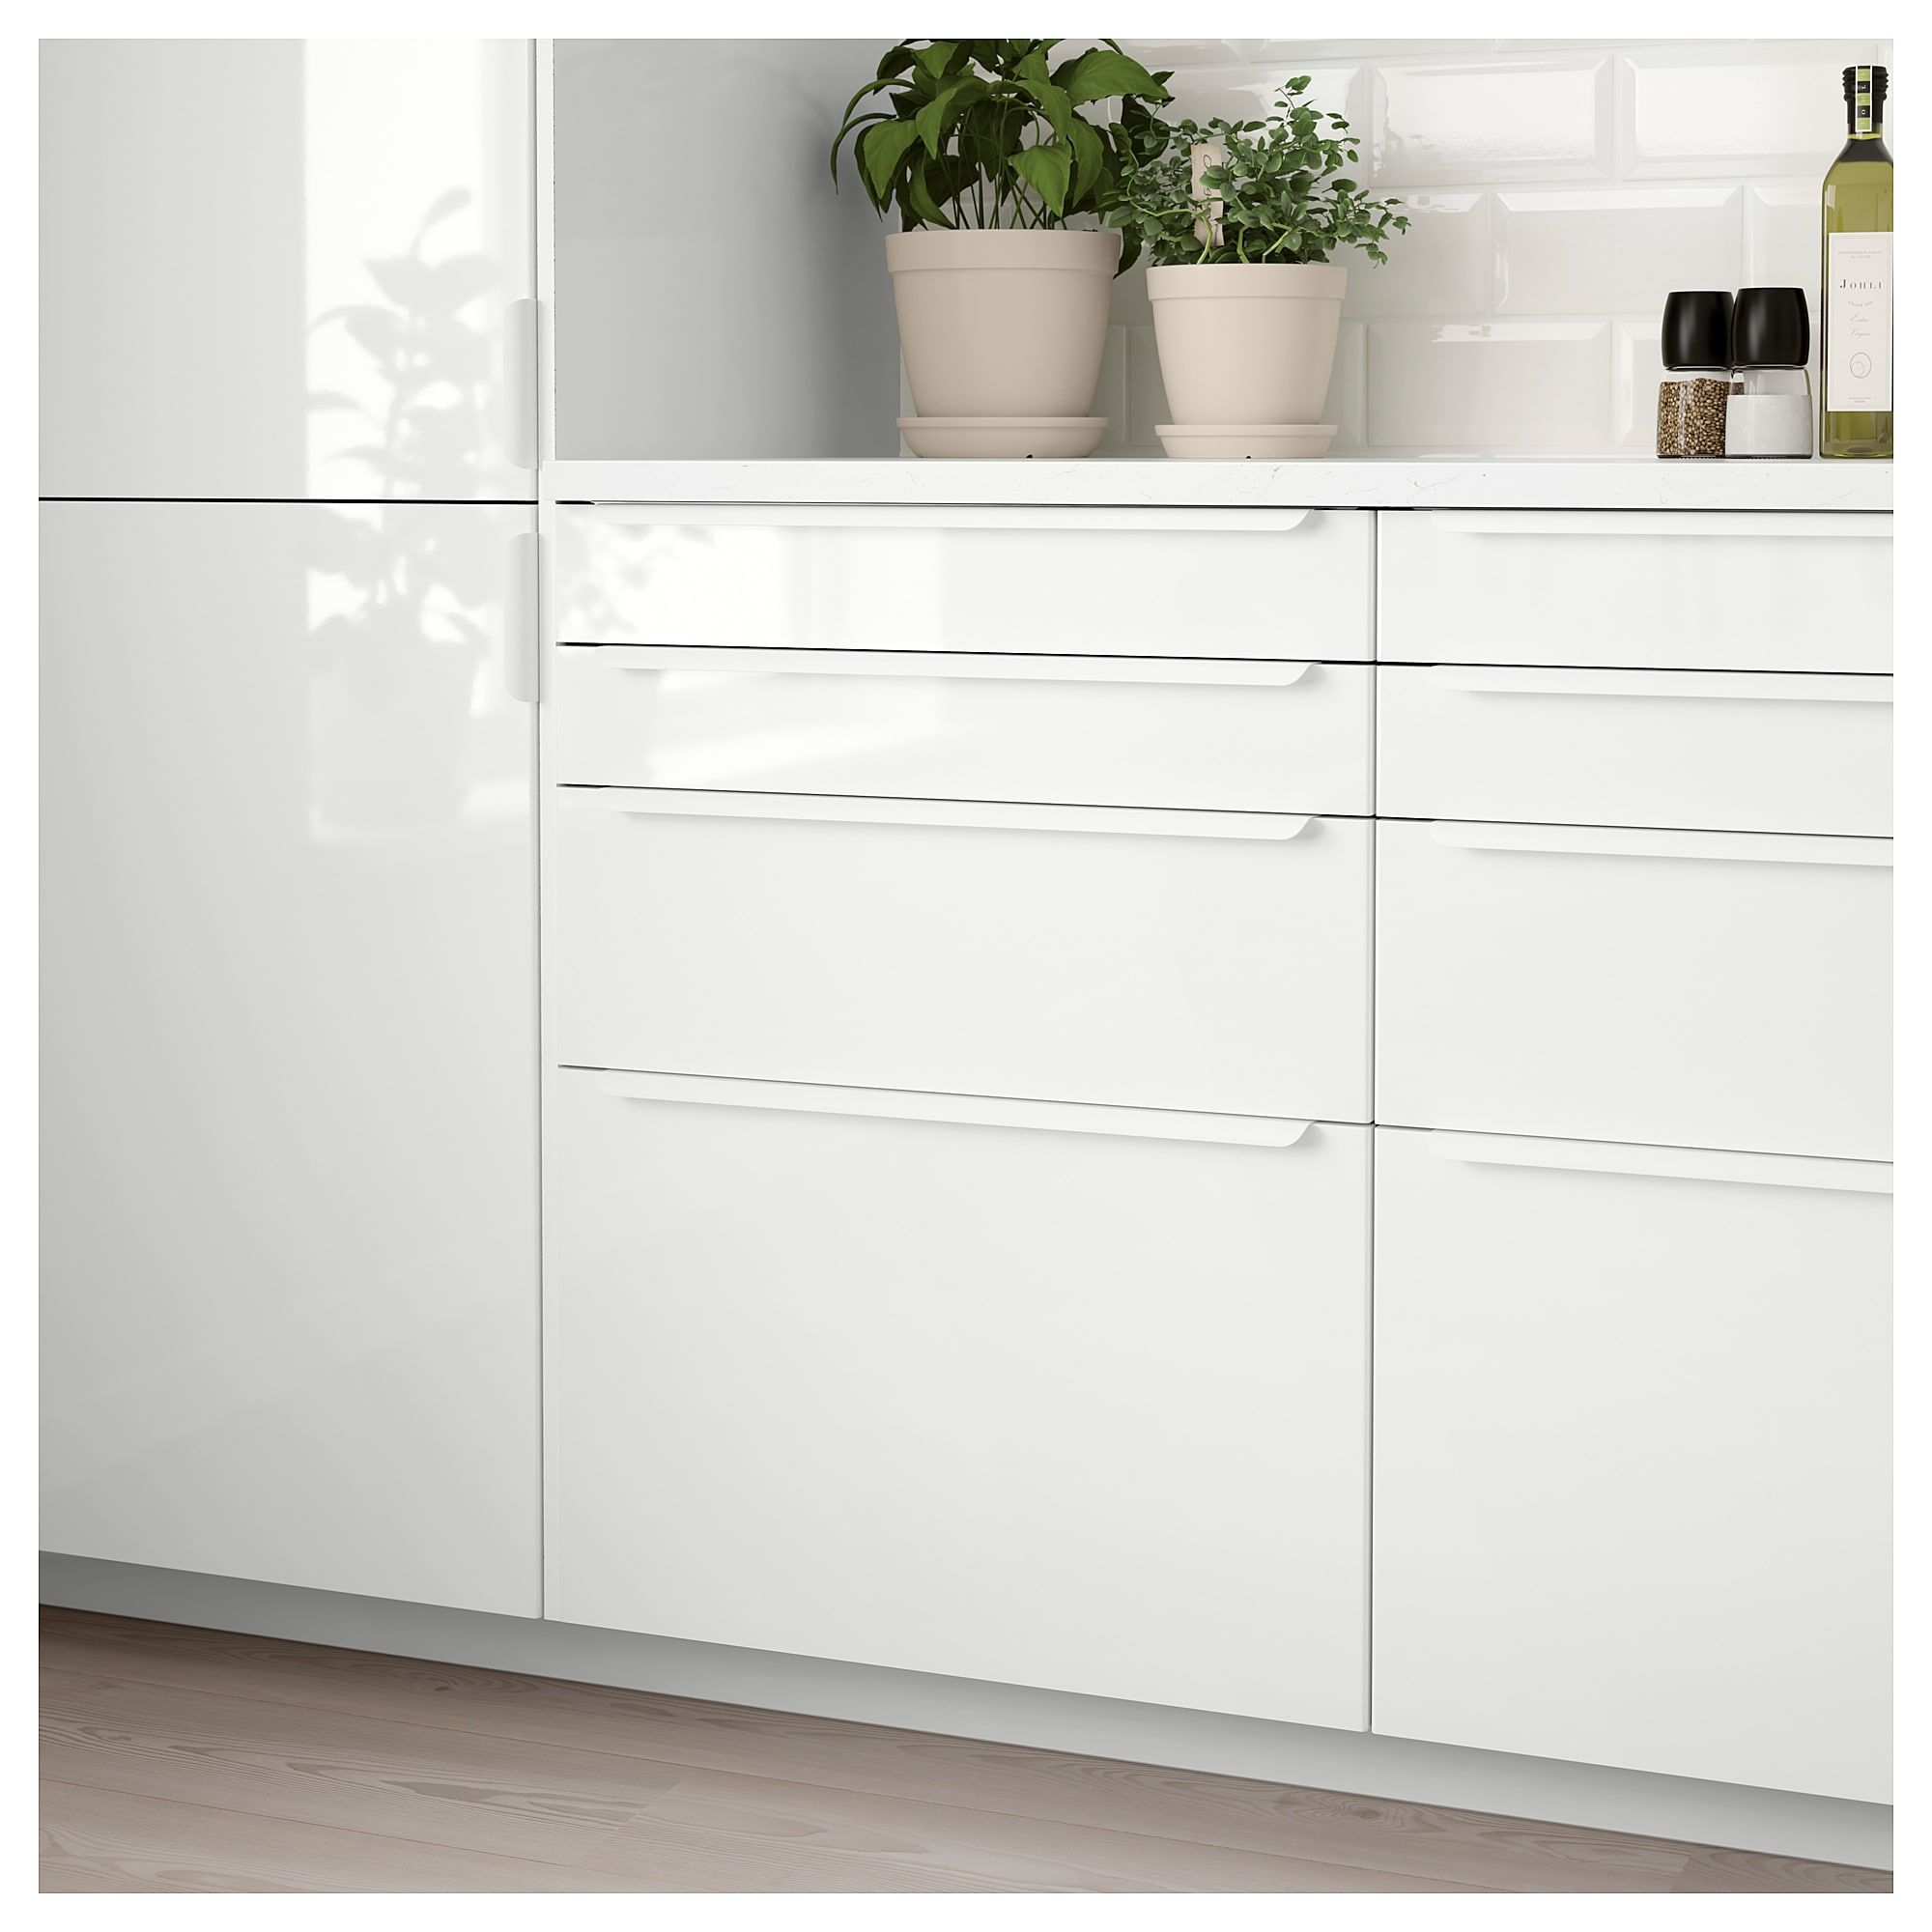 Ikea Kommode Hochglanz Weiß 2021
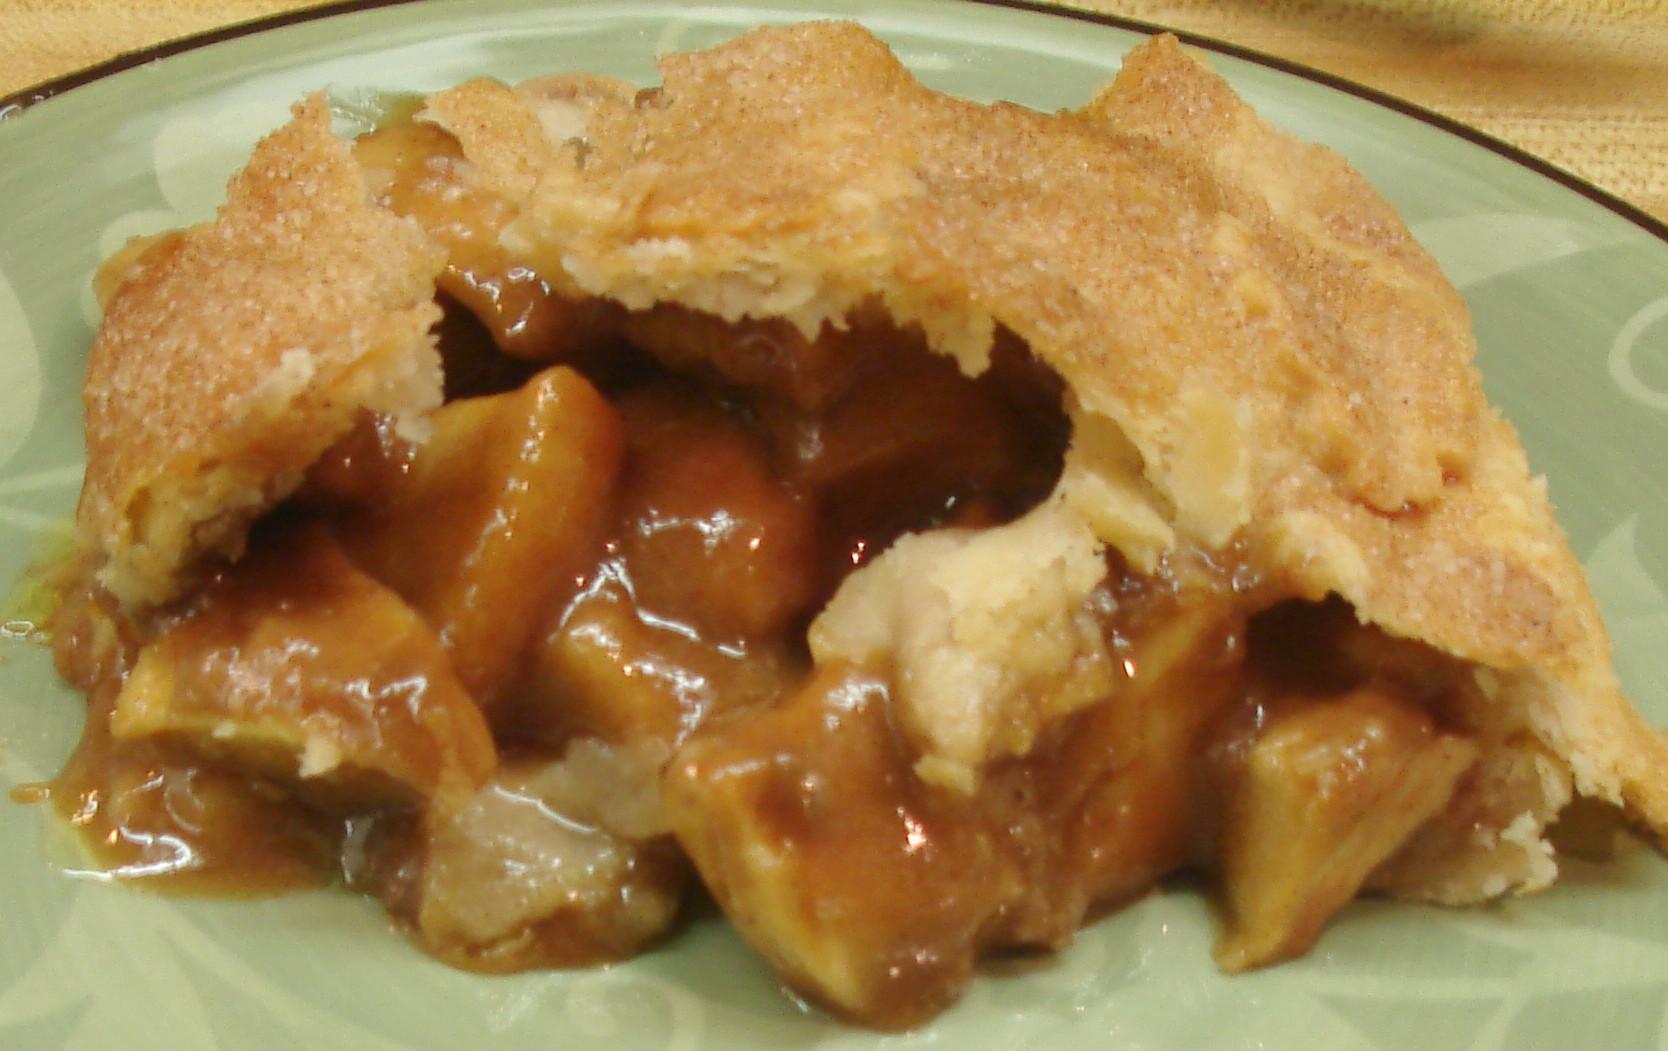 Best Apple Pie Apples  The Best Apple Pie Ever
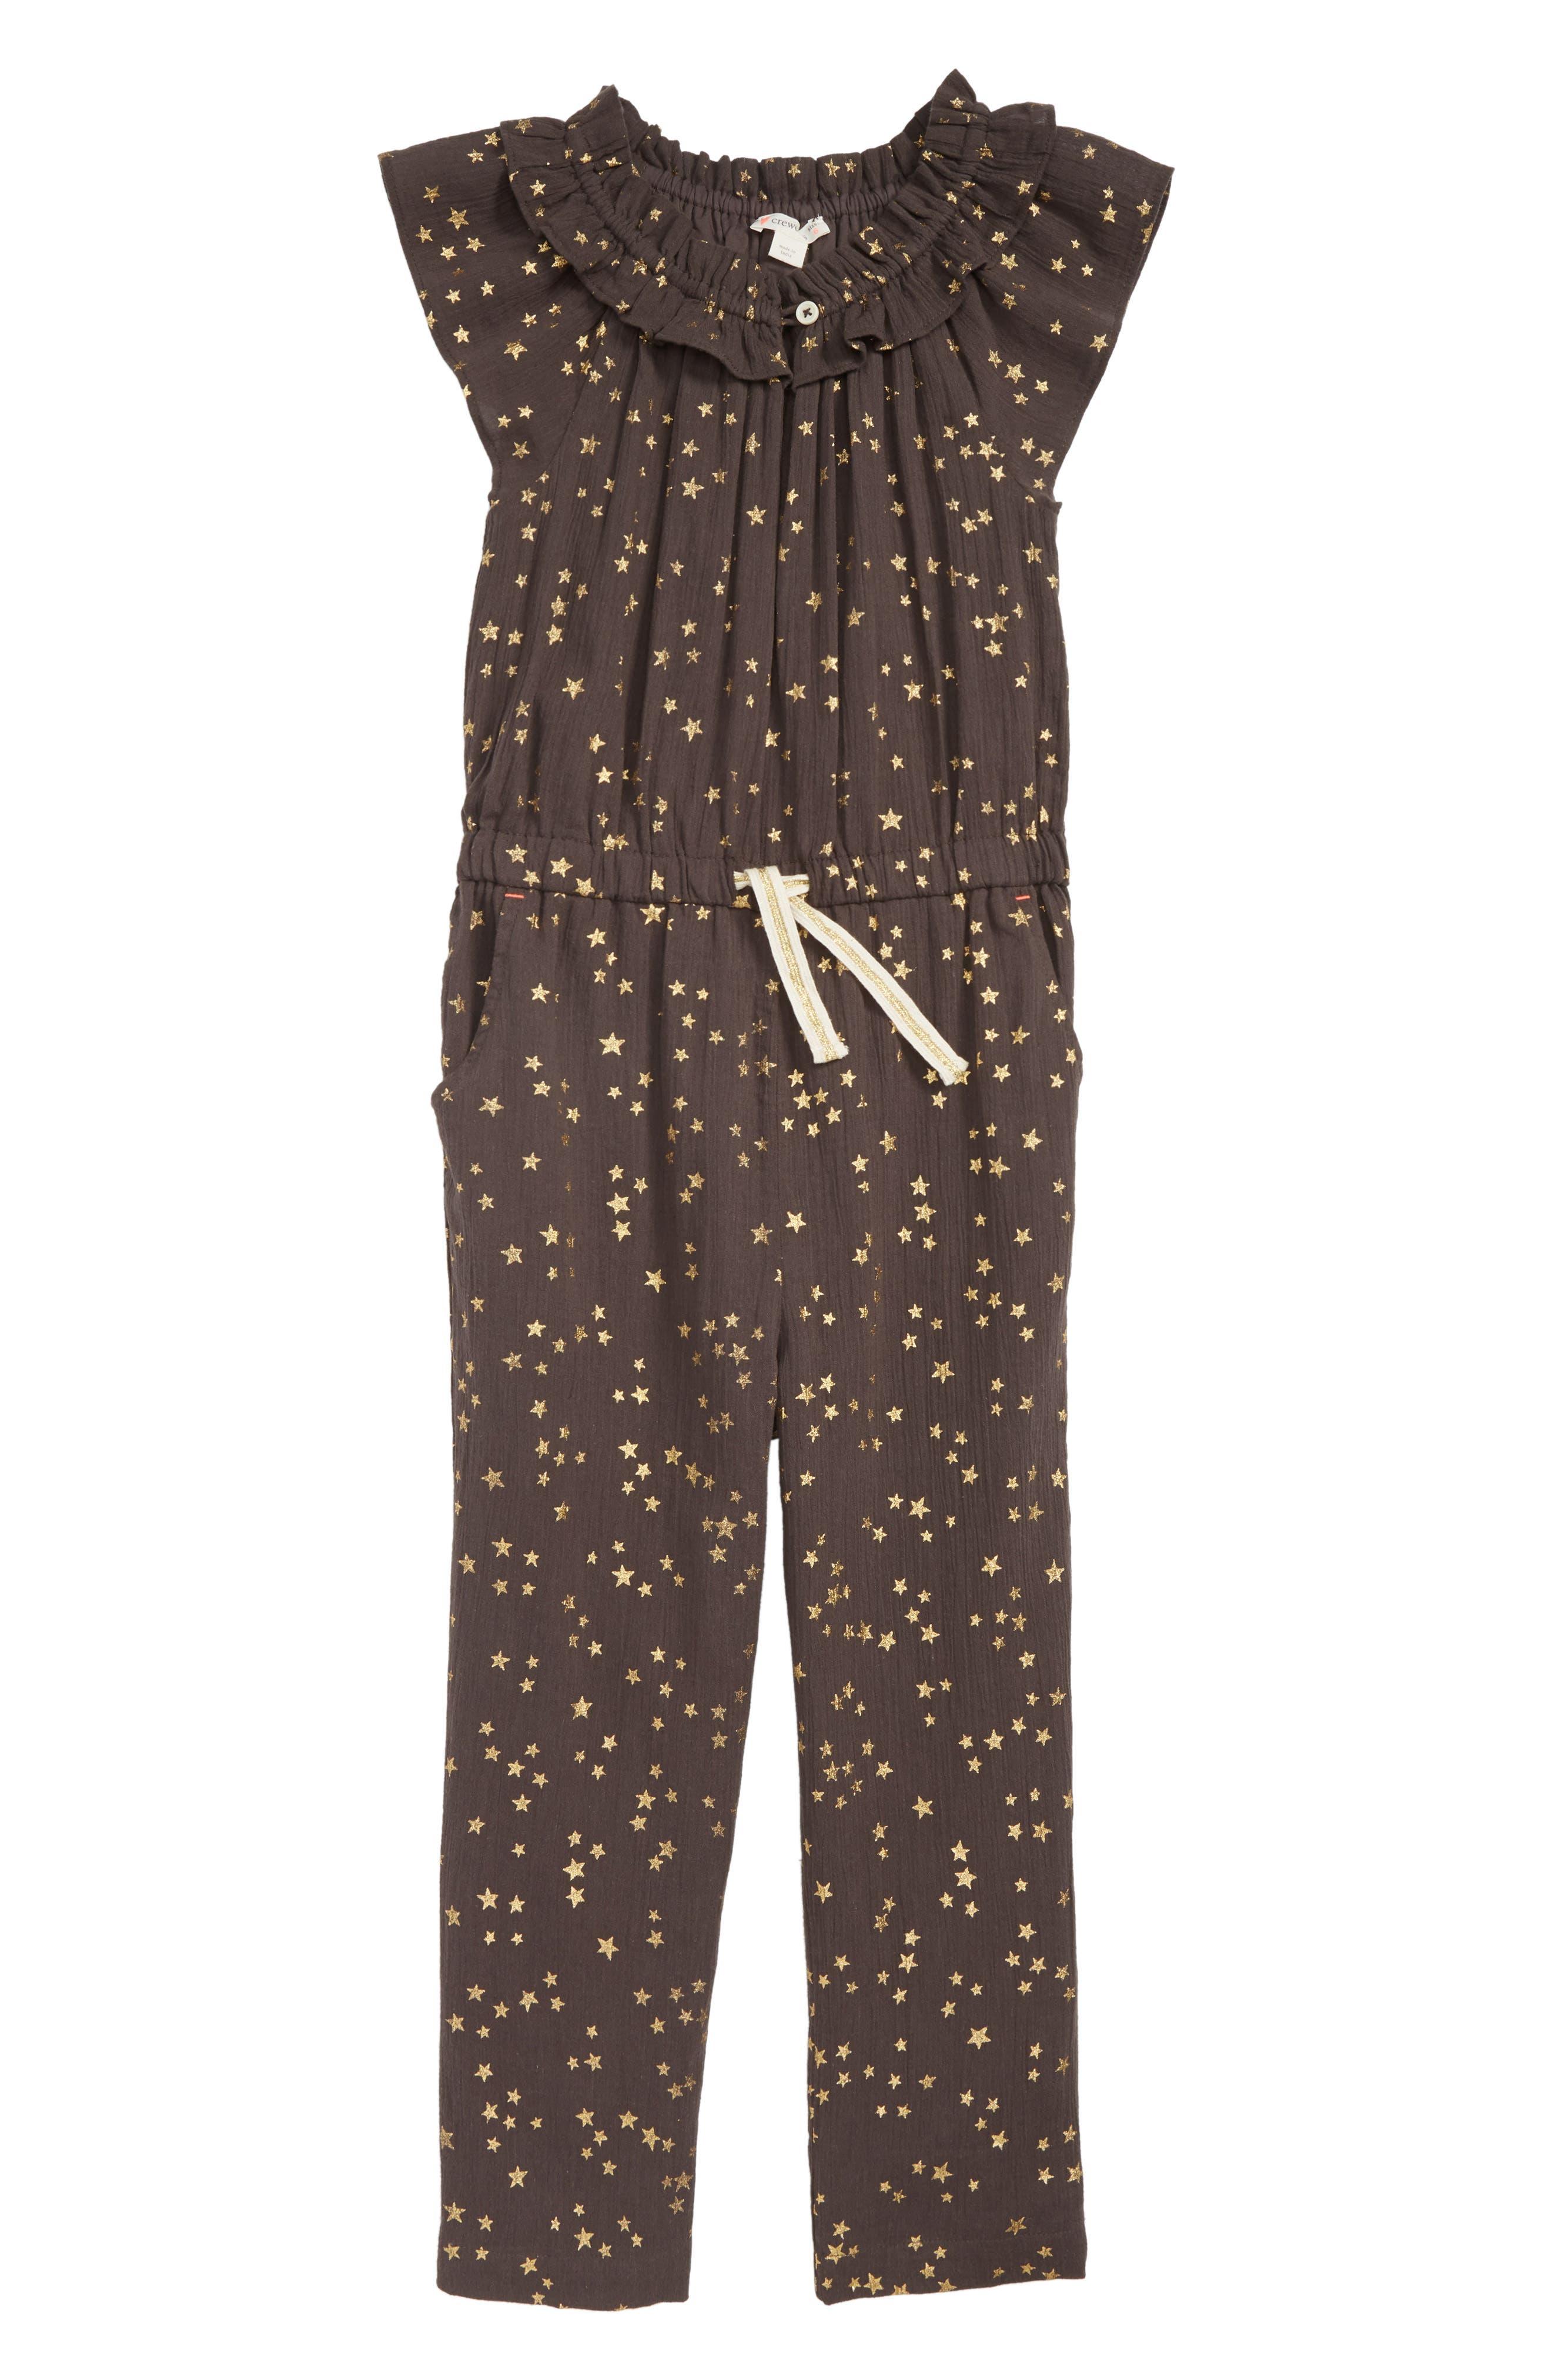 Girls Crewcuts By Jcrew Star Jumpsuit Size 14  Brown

▸ What is needed:
Transcribe exactly the line containing "Best Apple Pie Apples" and every line after it through the end of the listing above; pictures are not part of the copy.

▸ Your response:
 Best Apple Pie Apples  The Best Apple Pie Ever
 Girls Crewcuts By Jcrew Star Jumpsuit Size 14  Brown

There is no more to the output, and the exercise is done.